I now understand, thanks to the per curiam in D.B. Griffin Warehouse v. Sanders, that the requirements may not always be jurisdictional, or that if they are jurisdictional they may be waived by the clerk’s office according to a “longstanding practice” previously unreported in our decisions and unwritten in the rules that are supposed to apply to all litigants and their attorneys. Given this new reality, and the fact that the notice of appeal and record are so flagrantly late, I join in the decision to deny the motion by this workers’ compensation claimant for rule on the clerk, but do so with serious discomfort. For if it is true that what is sauce for the goose is sauce for the gander; if it is true that a miss of an inch is as good as a mile; if the law is supposed to mean the same for each person and all persons so that neither the rich nor beggars are permitted to sleep under bridges; then pro se litigants should be entitled to the same opportunity for grace from the clerk’s office (and through it, the appellate courts of Arkansas) that the D.B. Griffin Warehouse per curiam indicates has been enjoyed by other unnamed parties and their attorneys “in accordance with the longstanding practice of the clerk’s office.”

Otherwise, the law is not fair. Otherwise, we are violating one of the oldest principles of justice, namely, that no partiality be shown to any person or class of litigants.1 The fact that we cannot be perfect does not justify being unfair. Public respect for the law and the judicial process can survive ordinary imperfection; it cannot, and will not, and should not tolerate what it perceives to be favoritism, partiality, and discrimination.

Andree Layton Roaf, Judge, concurring. I would prefer to deny this motion for rule on the clerk without commenting on D.B. Grffin Warehouse, Inc. v. Sanders, 332 Ark. 510, 965 S.W.2d 784 (1998). Like the majority, I agree that the existence of a seven-day “grace period” has no relevance to a record tendered thirty-seven days out of time. I also agree that we have no “evidence” before us that this unwritten policy of the supreme court clerk has been unfairly or inconsistently administered. However, I cannot join the majority because I think they have missed the point, and so I will add my own two cents worth to this discussion.

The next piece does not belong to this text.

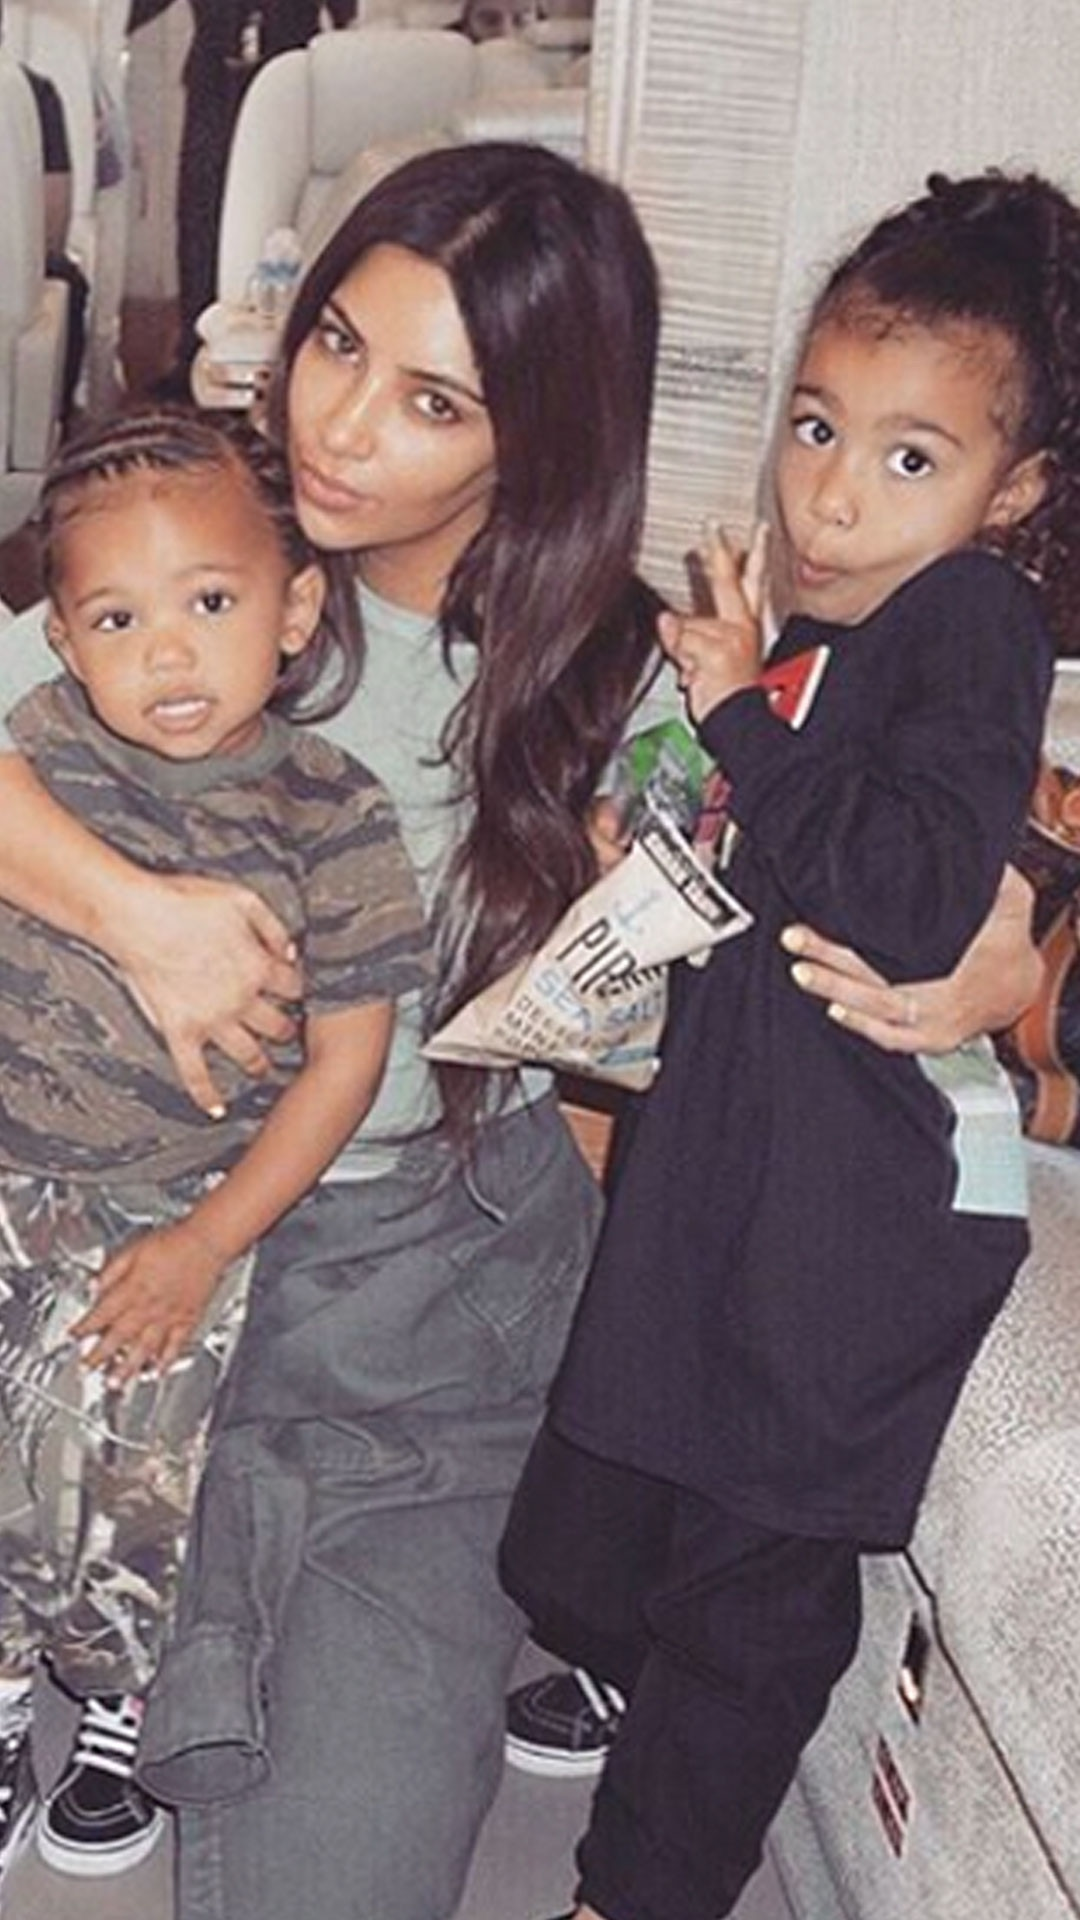 Kim Kardashian, Kanye West, Saint West, North West, Chicago West
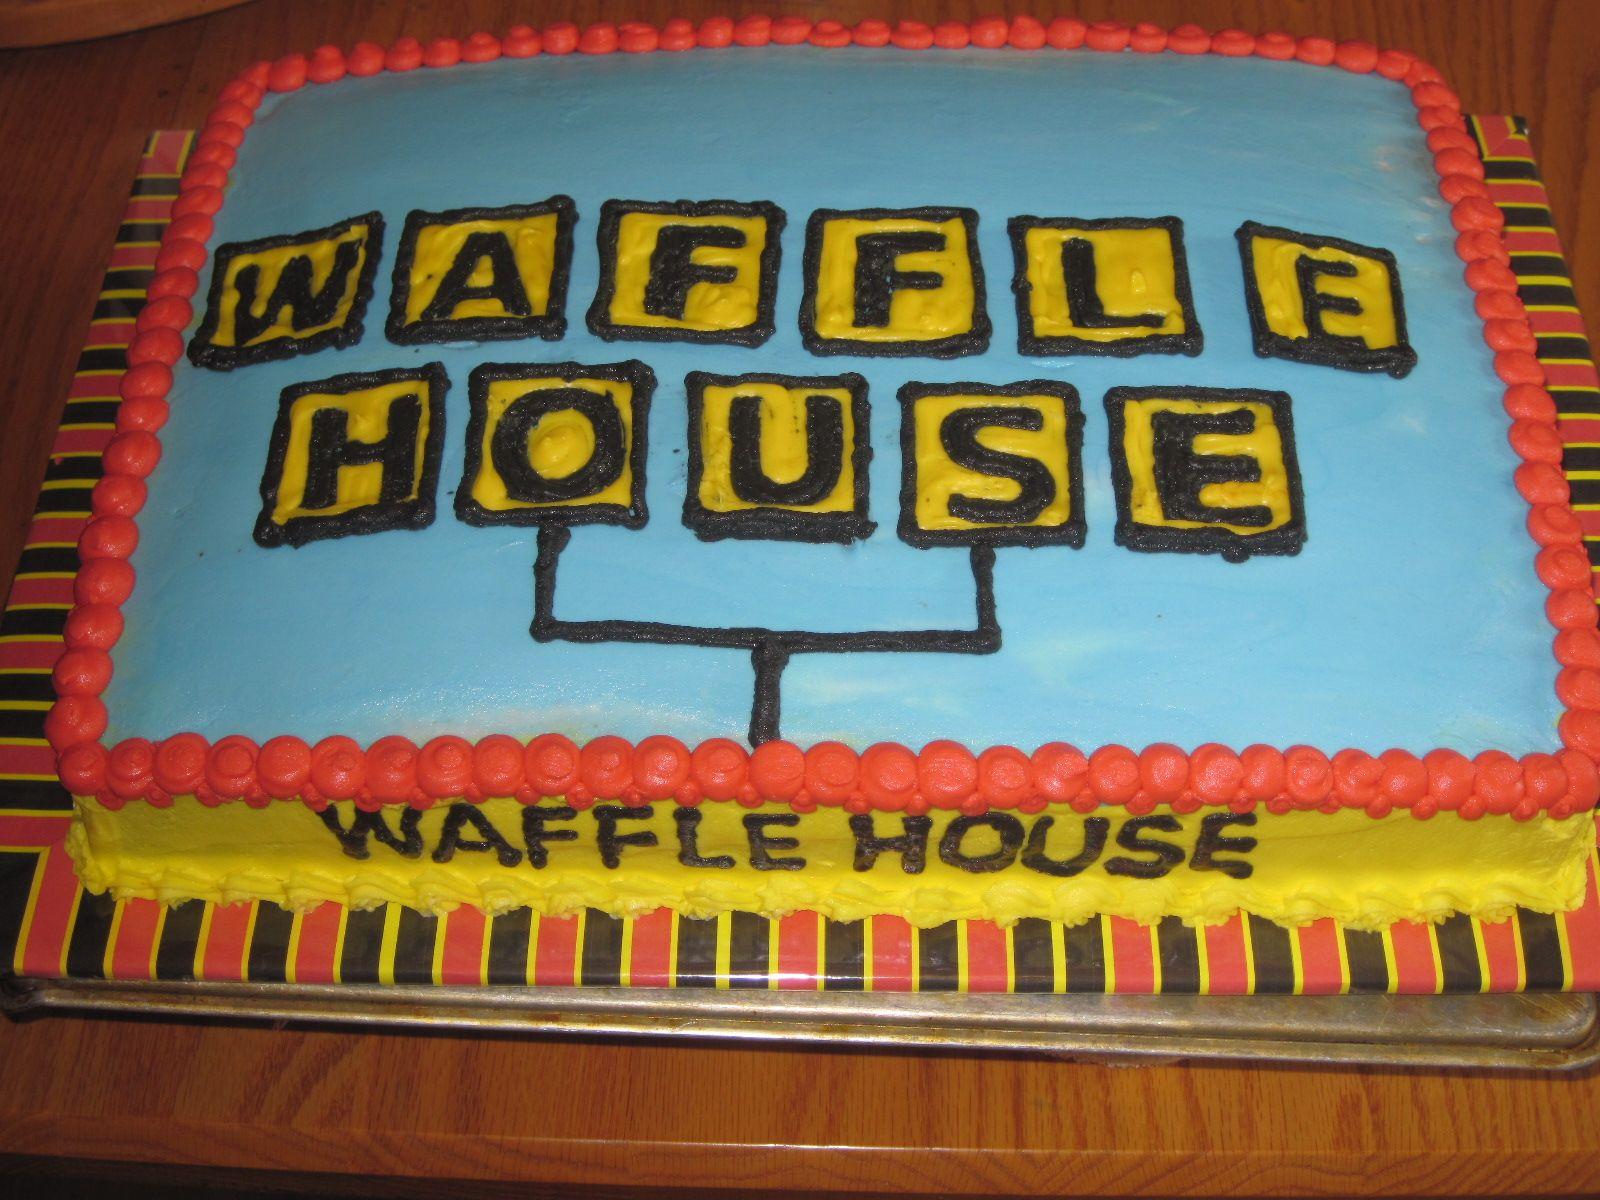 Good ole Waffle House love to eat at Waffle House

Any rule affecting the ability of litigants to exercise their right to appeal should be known to all the world, not just the clerk of the supreme court. Certainly this court should be aware of the rule, for we are frequently called upon to decide motions for rule on the clerk where a record is untimely lodged in workers’ compensation cases. Additionally, the Workers’ Compensation Commission often files the records of its proceedings on behalf of persons appealing from its decisions, although the responsibility for timely filing the record remains with the appellants. See Evans v. Northwest Tire Service, 21 Ark. App. 75, 728 S.W.2d 523 (1987). Surely the Commission should be aware of this rule.

Perhaps if the Commission’s office had known of the seven-day grace period in 1995, there would have been a different outcome in Novak v. J. B. Hunt Transp., 48 Ark. App. 165, 892 S.W.2d 526 (1995), in which the Commission delayed tendering a transcript for several days while waiting for the fifing fee to be received in the mail, and then tendered the transcript and fee one day late. Perhaps the Commission would have handled the matter differently, but if it had not done so, perhaps four rather than three members of this court could have been persuaded to grant Ms. Novak’s motion for rule on the clerk. Unfortunately, there are probably others like Ms. Novak whose names do not appear in the annals of Arkansas jurisprudence.

As for the grace period itself, I’m all in favor of it — for it surely allows a few more of our citizens to preserve their right to appeal. Now that all the world knows about this rule, we may well be able to save even more of them. However, in the present circumstances we cannot grant any relief to Ms. Anderson, and I would also deny her motion.

Arey and Neal, JJ., join.

See Leviticus 19:15: “You shall do no injustice in judgment; you shall not be partial to the poor nor defer to the great, but you are to judge your neighbor fairly.” (New American Standard Version).